### Exercise data
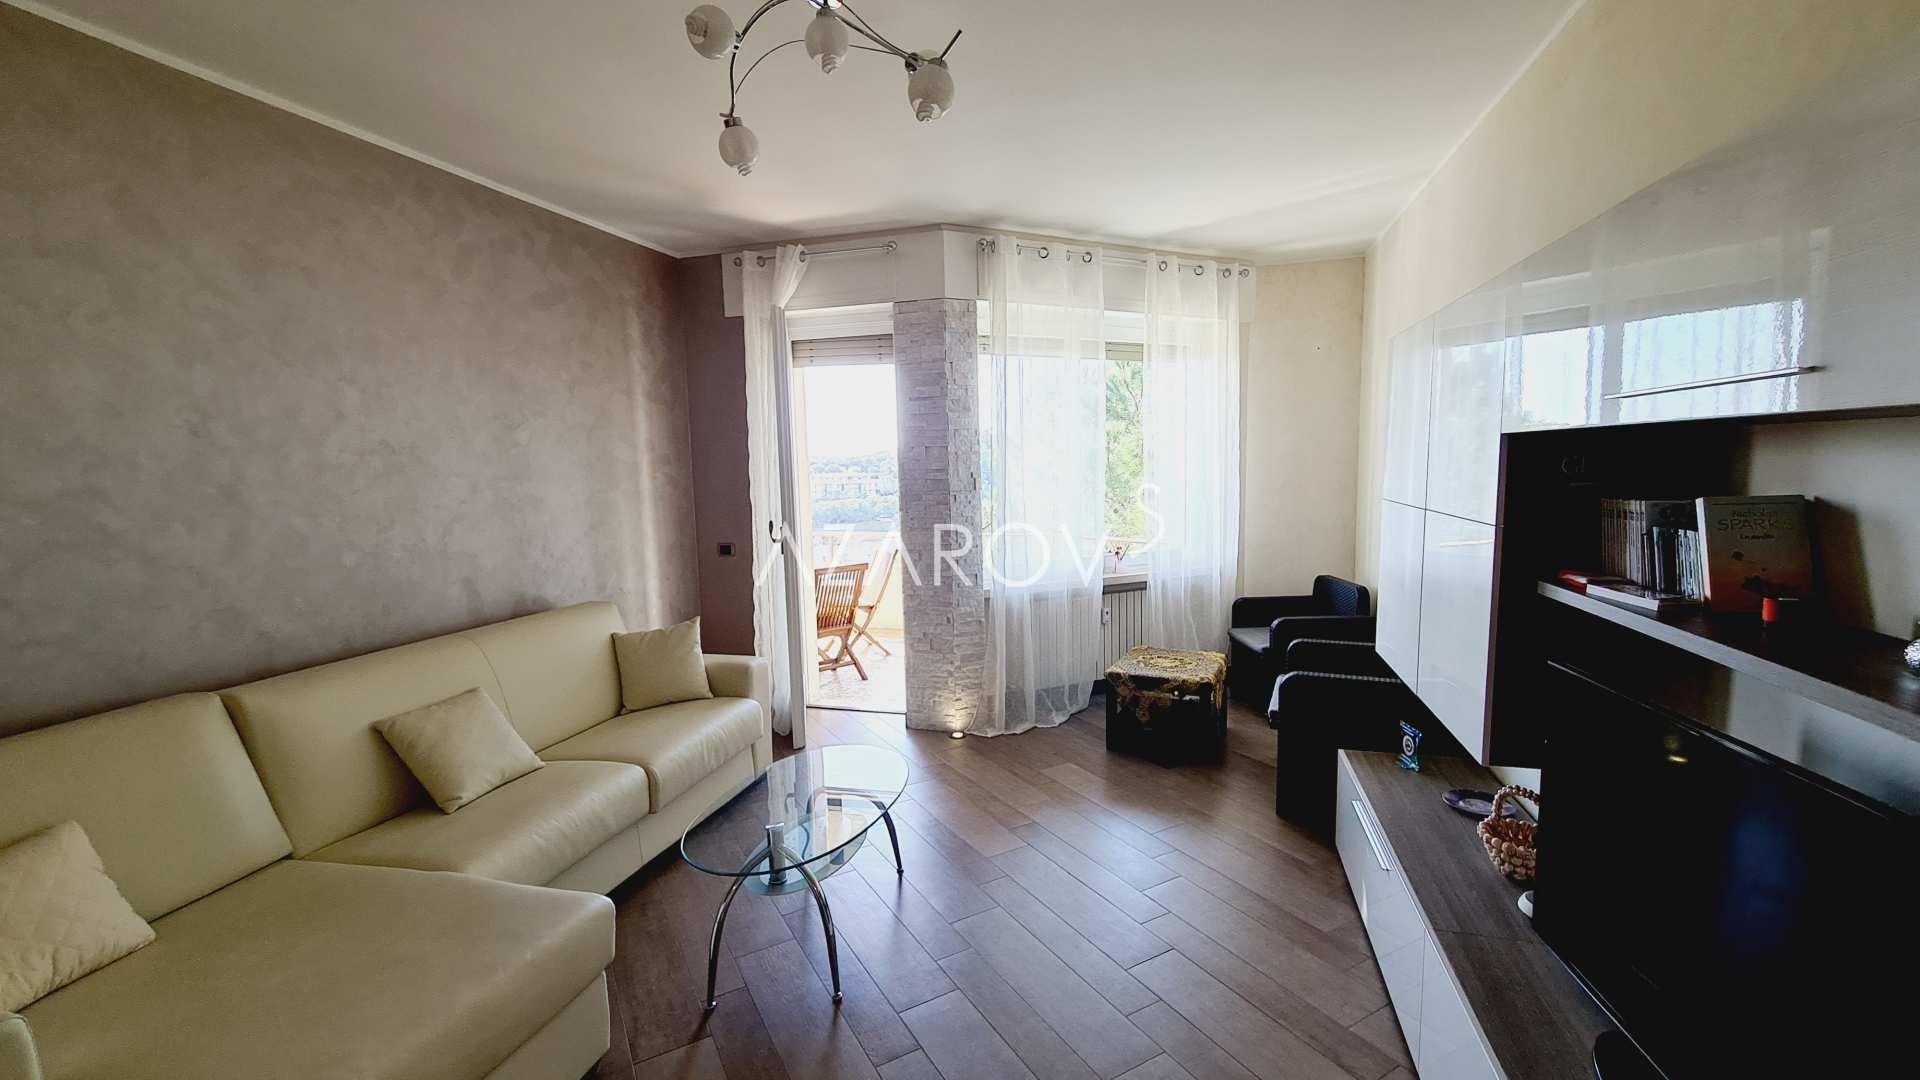 Appartement van 100 m2 in San Remo
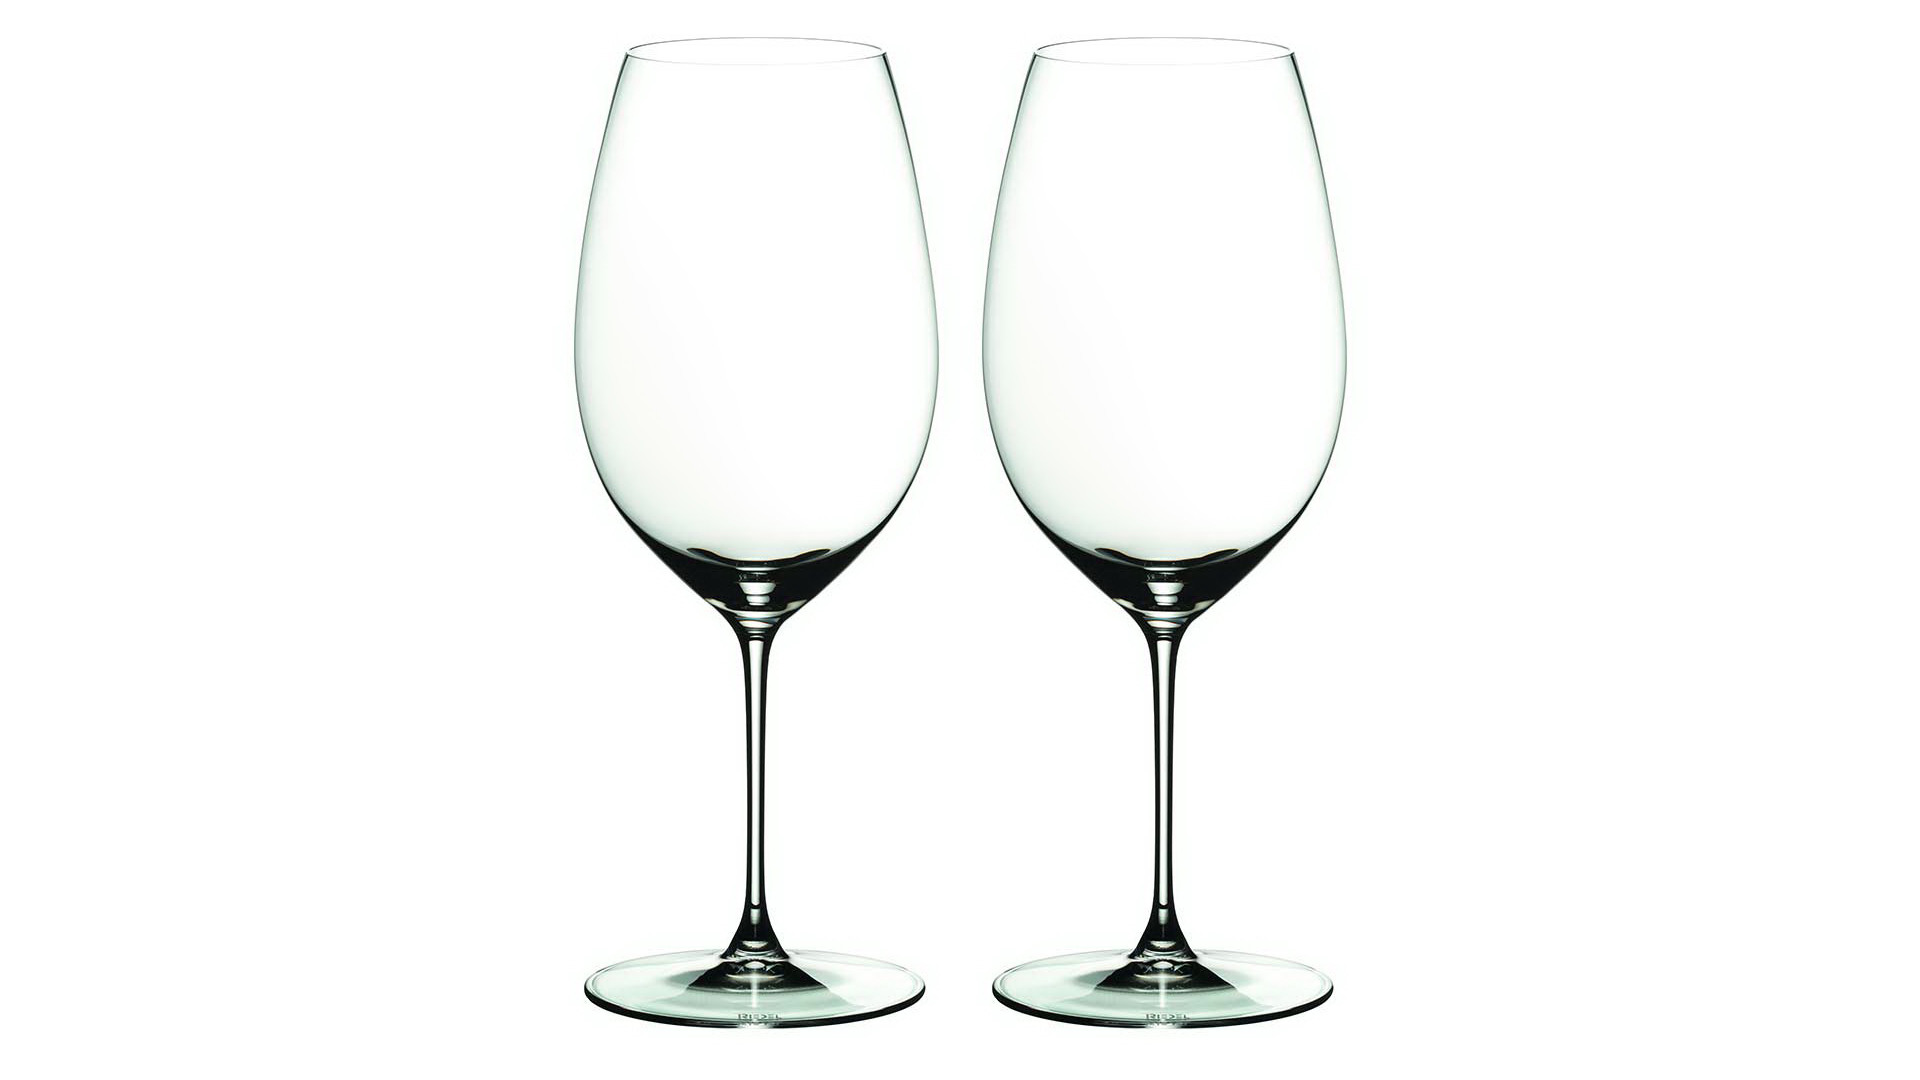 Набор бокалов для красного вина Riedel Veritas New World Shiraz 709 мл, 2 шт, стекло хрустальное
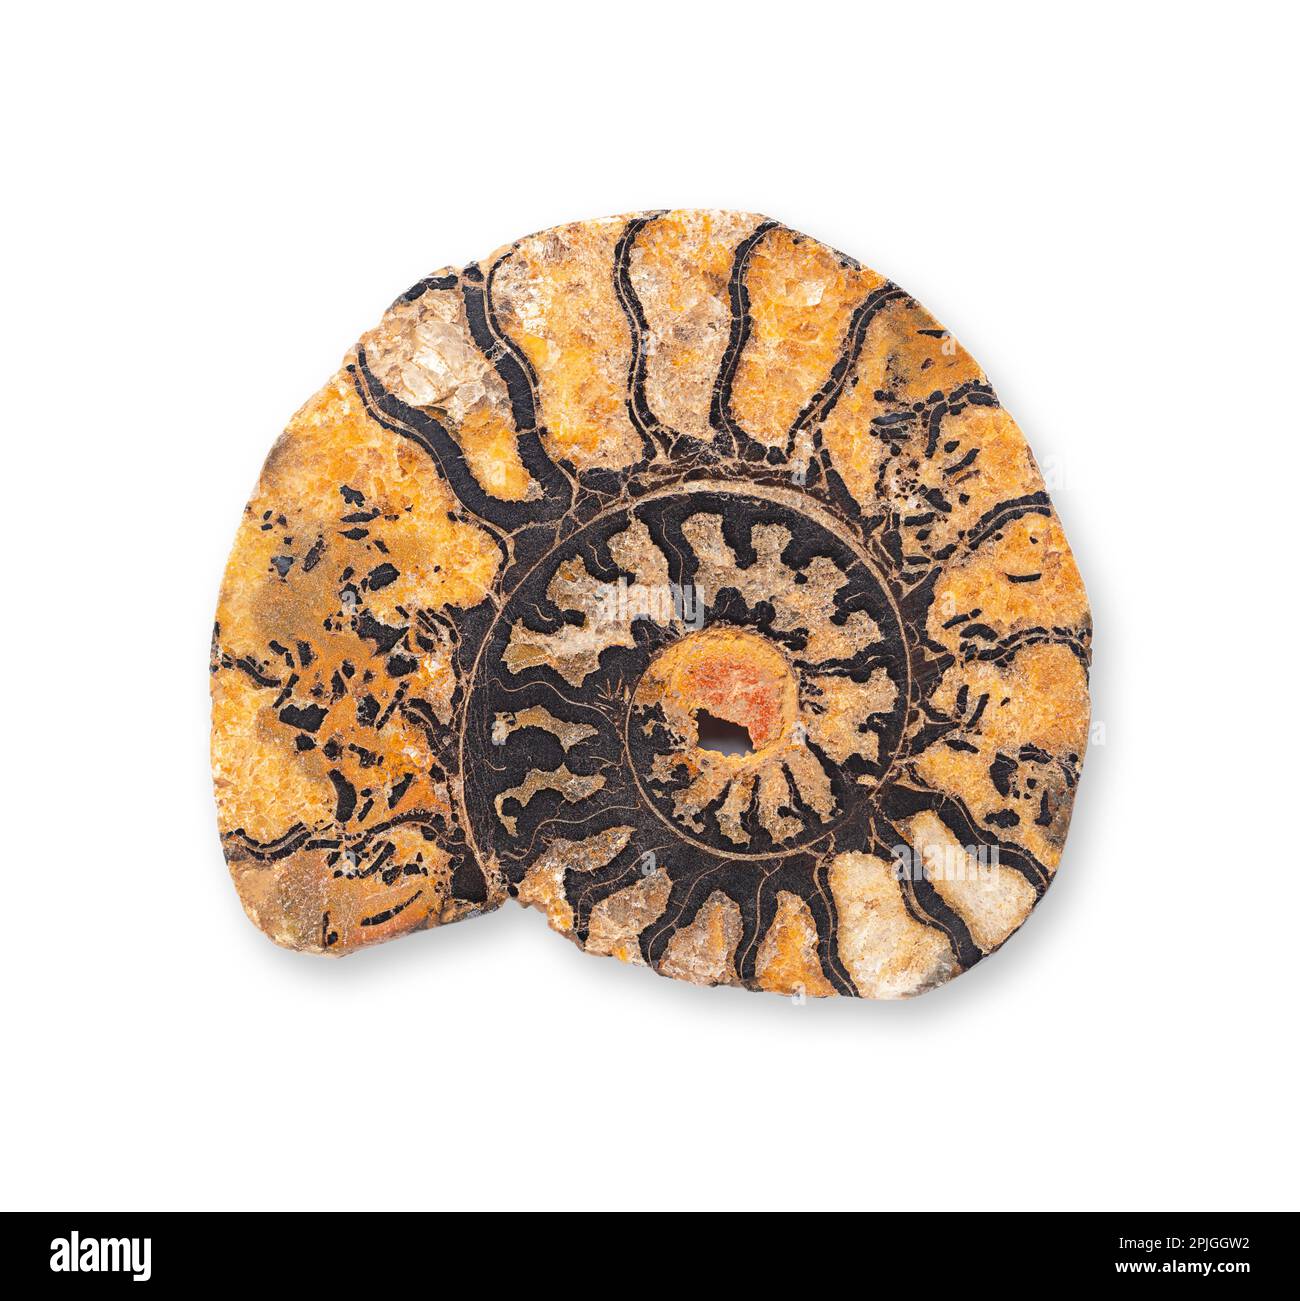 Ammonit-Längsschnitt. Sagittaler Schnitt durch eine spiralförmige Fossilienschale eines ausgestorbenen Meeres-Weichtieres, der die inneren Kammern offenbart. Stockfoto

### Task instructions
All of the data, minus its pictures, should be repeated exactly.

### Your response
 Appartement van 100 m2 in San Remo
 Набор бокалов для красного вина Riedel Veritas New World Shiraz 709 мл, 2 шт, стекло хрустальное
 Ammonit-Längsschnitt. Sagittaler Schnitt durch eine spiralförmige Fossilienschale eines ausgestorbenen Meeres-Weichtieres, der die inneren Kammern offenbart. Stockfoto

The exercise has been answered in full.